А по шоссейной дороге метрах в 10 – 20-ти от нашего поля беспрестанно двигались, шли, бежали, ехали, громыхали отступающие немецкие войска. Немцам было уже не до нас, и мы были оставлены в этом поле, как говорится, «на произвол судьбы».

Немного раньше этого что-то засуетилось в народе, как в потревоженном улье, о чём-то заговорили, зашушукались. Мама поинтересовалась, что случилось. «Что случилось? – отвечают, – а ты сидишь и не знаешь, что матери бегут выручать своих сыновей, которые назначены к отправке в Германию! Недалеко стоит состав, и наши сыновья находятся в нём!» Мама в ужасе: «Побегу и я!» - «Нет, уже поздно, немцы спохватились и ловят всех подряд, кого только увидят здесь, и бросают в эти вагоны». Но разве какую мать устрашат эти слова, если там её сын? Побежала, пошла и наша мама. Идёт по дороге, а что в душе? Куда идёшь и зачем, да и чем поможешь? А если и сама не вернёшься к оставшимся здесь детям? Идёт, и вот навстречу ей латыш на подводе парных лошадей. Поравнявшись, с телеги спрыгнул наш Федя с криком: «Мама!» И сейчас не могу удержаться от слёз, вспоминая о такой встрече. Опять вся семья вместе! Чего уж лучше?! Теперь ничего не страшно.

- Федя, откуда ты, как?

- Да вот те люди, по соседству с которыми семья наша жила у хозяина – латыша, говорят мне, что здесь где-то на поле вывезены люди: «Беги Федя, может быть, там и твои родители».

Чудо? Да, чудо, по милости Божией, по общим молитвам и покаянию народному.

 

А потом? Потом начались дожди. Сверху льёт, и спать ложимся на ночь в мокрое, в лужи. Стали откуда-то тащить снего-оградительные щиты, делать себе что-то вроде шалашей. Никто нас уже никуда не грузит, никуда не везёт. Никому никакого до нас дела нет, не до нас стало немцам. И стали люди понемногу, украдкой, по ночам, взяв свои узлы и чемоданы, расходиться и разбегаться, кто куда. Оставшихся становилось всё меньше и меньше. Стали и мы говорить своему папе, иди мол, поищи по дорогам, по хуторам, не найдёшь ли и ты того хозяина, которому продал по дороге сюда, на это поле, нашу корову (за свитер, поношенное пальто и буханку хлеба). Может, если найдёшь, возьмёт нас к себе. И опять – чудо! Пошёл папа. Ждём день, другой. Нет его. Переживаем, страшимся: что случилось? Вечером третьего дня, уже стемнело, подъезжает подвода, парой лошадей запряжённая, хозяин-латыш и с ним наш папа за нами! Погрузили свои узлы и мешки, свои вещи на телегу, уселись сами, поехали. Просил папа: «Хоть где-нибудь под кустом высади нас, только увези с этого поля». Хозяин – латыш не под куст, а привёз к себе в дом, спрятал нас в своей маленькой комнатушке, закрывая дверь днём от приходящих немцев, а ночью от наездов наших русских партизан. Так и продержал нас до 9 мая, Дня Победы. Что же сталось с остальными? Тогда время было такое страшно – опасное, что каждому было только до себя, да и не у кого было ничего узнать.

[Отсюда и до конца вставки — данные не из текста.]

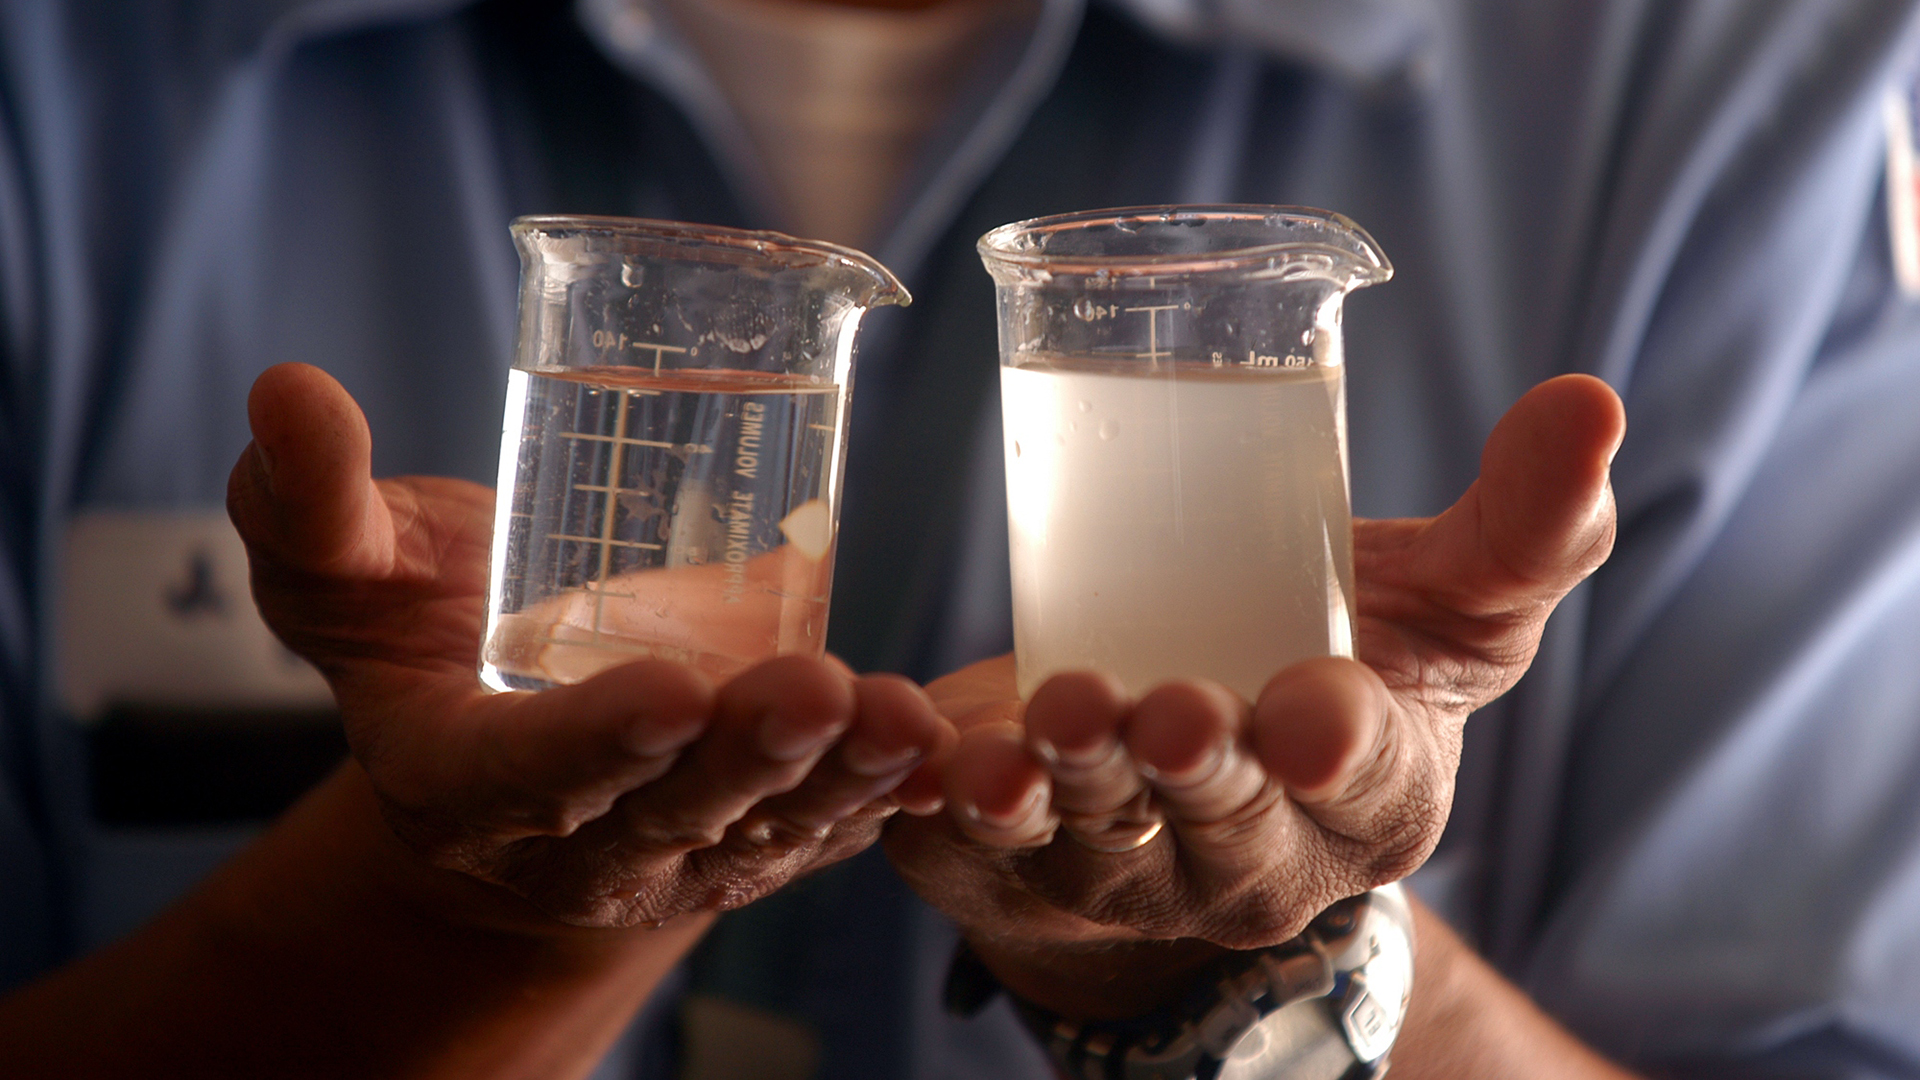 how to make seamonkey water

Слава Тебе, Господи! И на этот раз остались живы и все вместе - это ли не милость Божия, и чего ещё лучше?

 

А дальше? После 9-го мая, когда Советские войска вступили в Латвию, наша Советская власть всех мужчин - и русских и латышей - направила в фильтрационный лагерь для проверки. Папу там продержали недолго: отпустили как не подлежащего службе в армии по возрасту. А Федю? Для сохранения нашей семьи, всех вместе, Господь Бог избрал средством болезнь Феди – приступ аппендицита, пришёл врач и засвидетельствовал, что отправке в фильтрационный лагерь не подлежит. А то ведь его взяли бы в армию. Ему уже к тому времени было 19 лет, а война ещё полностью не закончилась.

Но вот Промыслом Божиим мы опять все вместе! Слава Тебе, Господи! За всё, за всё, за здравие и за болезни наши!

 

15.05.96

«Сии на колесницах, сии на конех, мы же Имя Господа Бога нашего призовем» (Пс. 19, 8).

Удивительно и непонятно было нам, детям, зачем соседка– бабушка, сняв с божницы икону Божией Матери «Неопалимая купина», начала обходить с ней вокруг нашего дома, где мы жили, где и застала нас война, три раза. «От пожара, от огня, от всякия напасти» - пояснила бабушка. Это было в начале военных ужасов, а слова той бабушки, т.е. исполнение их, увидели аж в 45-ом году: ни одного дома вокруг, все разрушено, растащено, сожжено, а наш дом стоит целёхонек!

Вернувшись из Латвии в родные места и обосновавшись на жительство в Гатчине, познали и то, что дом тот помогает собрать воедино семью, здесь жившую, нашу семью.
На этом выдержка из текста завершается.